Something is happening to my brain and my being. I am slowing, yet I can’t seem to stop. Sleep comes in 4 hour windows. I am anxious and afraid. I am softening. I cried with someone I barely know today. I let in a stranger. She came at me from the side so gently and said, “Are you ok”. Sort of taken aback, I replied, “Yeah, I’m alright.” When she said she had gone through this too, 16 years earlier and had two young kids at the time, I knew she knew. The head scarf is a dead giveaway. Half the ladies at the JoAnne’s fabric shop looked at me curiously. The other half looked away like I was a too young mirror of what they never want to think possible. I get it.

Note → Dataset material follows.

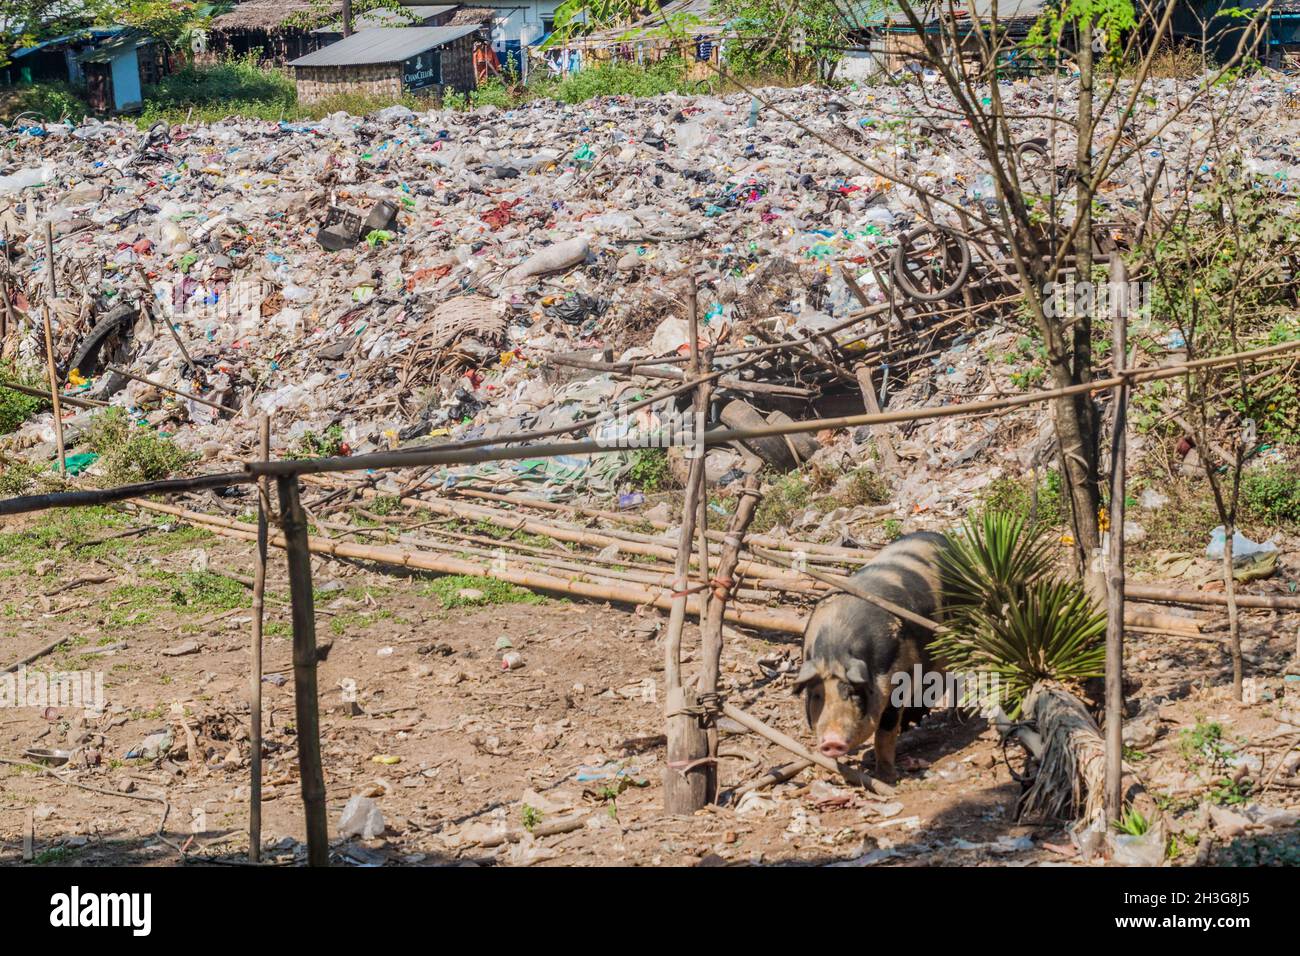 Rubbish dump in Bago town, Myanmar Stock Photo

This lady though, she just SAW me and comforted me in a way strangers can rarely do. There was a brief communion of souls in the yarn aisle and then we parted.

On Monday the bell rings, ding! and I am face to face with AC chemo round #4. The last and final round before the supposedly easier Taxol regimen begins. Rejoice right? It’s the last one…

I check out in my mind when I think of going back there. Hmm, Hmmm, Hmmmmm my mind screams. I am lying on my back on a soft plaid flannel blanket, spongey grass underneath, looking at the most beautiful blue sky, warm breeze fluttering my shirt. Oh boy…………

It’s not that sitting there is so bad. There is the most lovely and kind male nurse that really makes you feel comfortable. Throw in a back rub and a mud mask and it might as well be spa day. It’s not that.

Like I said, something is happening to me.  It doesn’t feel good to be in my skin and I can’t escape it. There is no reference point, no status quo for me to stop and rest… like the inhale keeps, keeps, keeps, and then I have no idea where to land. And when I’m too tired to pursue my assorted projects of distraction, I stop and I feel.